TOKYO, June 23 (Reuters) - Oil prices were steady on Tuesday, holding onto the previous session’s gains, amid more signs of fuel demand picking up after the depths of the coronavirus pandemic as major crude producers continue to stick to supply cuts.
Brent crude was up 6 cents at $43.14 a barrel at 0046 GMT, after gaining 2.1% on Monday. U.S. oil was up 8 cents at $40.81 a barrel, having risen 1.8% in the previous session.
“We’re starting to see the green shoots of recovery,” Exxon Mobil Australia Chairman Nathan Fay said at Credit Suisse’s annual Australian energy conference on Tuesday, referring to oil demand’s recovery from the collapse triggered by anti-coronavirus lockdowns.
The reopening of some U.S. states and countries around the world after lockdowns has helped sustain oil’s recent rally as demand for fuel returns. In New York, streets were clogged with traffic as the worst affected city in the United States emerged from more than 100 days of lockdown.

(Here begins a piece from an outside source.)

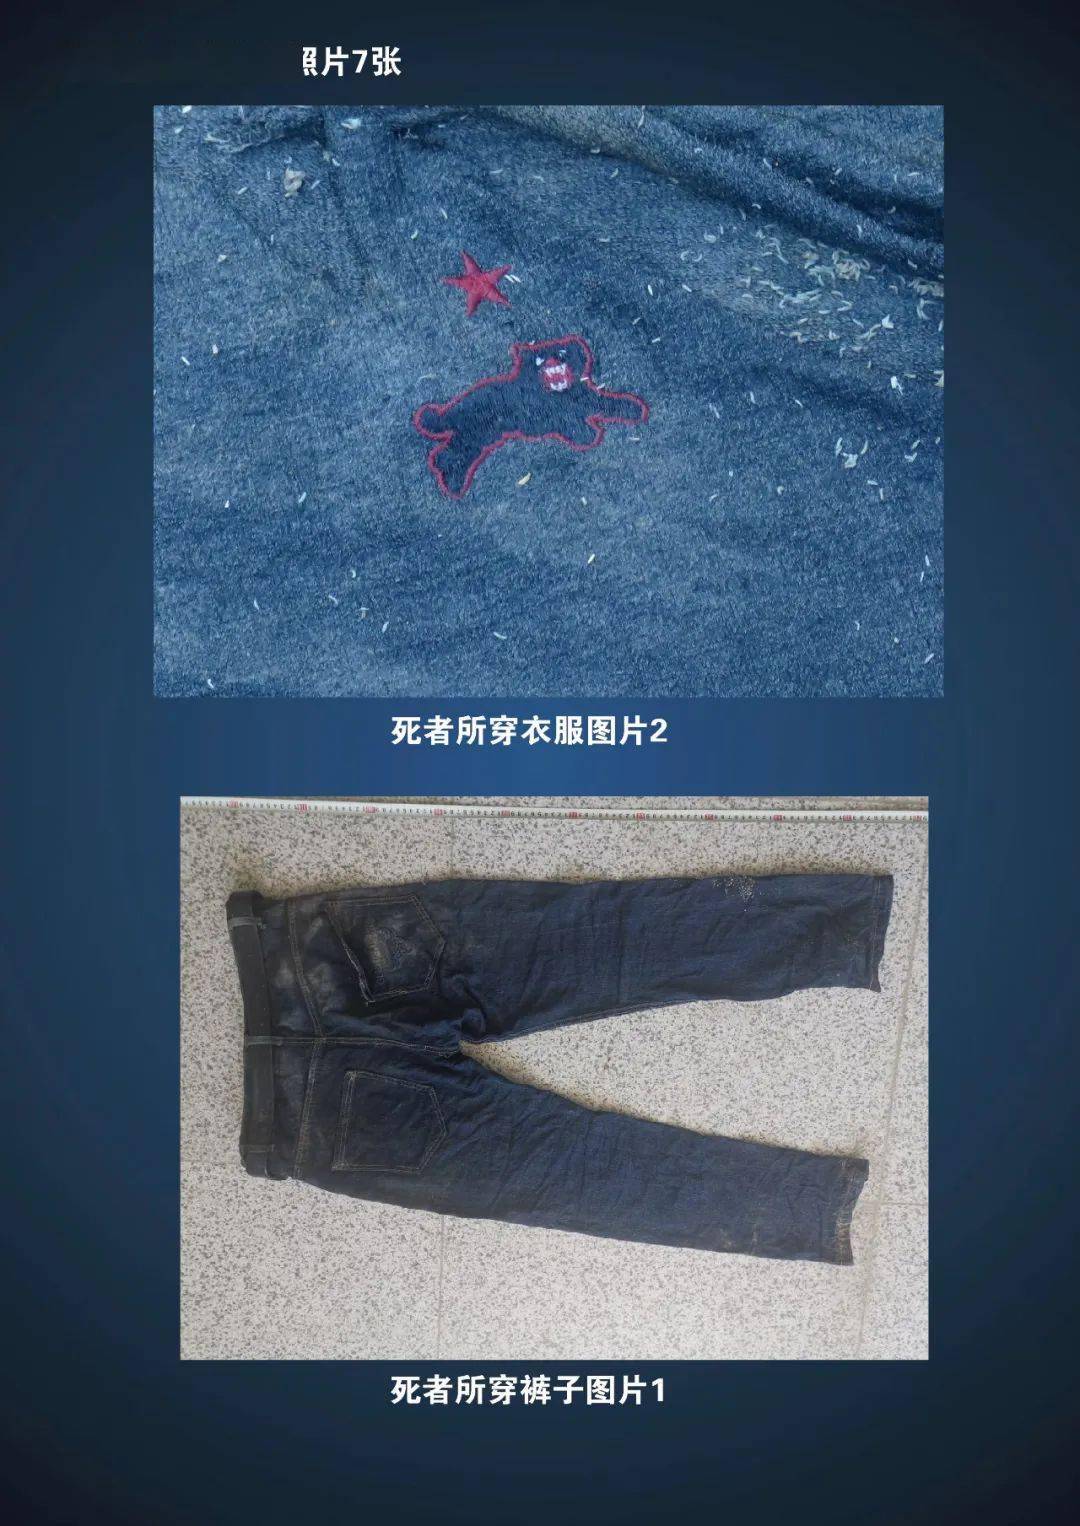 广南发现一具年轻男性尸体,警方急寻家属

On the supply side, meanwhile, U.S. and Canadian oil and gas drillers cut the number of the rigs they are operating to a record low. That leaves them with a steep slope to scale towards recovery in output even with higher prices to spur them on.
“U.S. onshore production has now given up two full years of (volume) gains,” said Stephen Innes, chief global markets strategist, at AxiCorp. “It supports the market supposition that even with a rebound in price, the capital investment that had already been tapering off in Q1 isn’t flowing back quickly.”
U.S. oil rigs contracted for drilling dropped by 10 to 189 last week, their lowest since June 2009, according to weekly data from energy services firm Baker Hughes Co.
Gas rigs fell by three to 75, the lowest on record according to data going back to 1987.
Also supporting prices are indications that members of the Organization of the Petroleum Exporting Countries (OPEC) and allies in a grouping known as OPEC+ are complying with agreed record production curbs to balance the market is also a support for prices.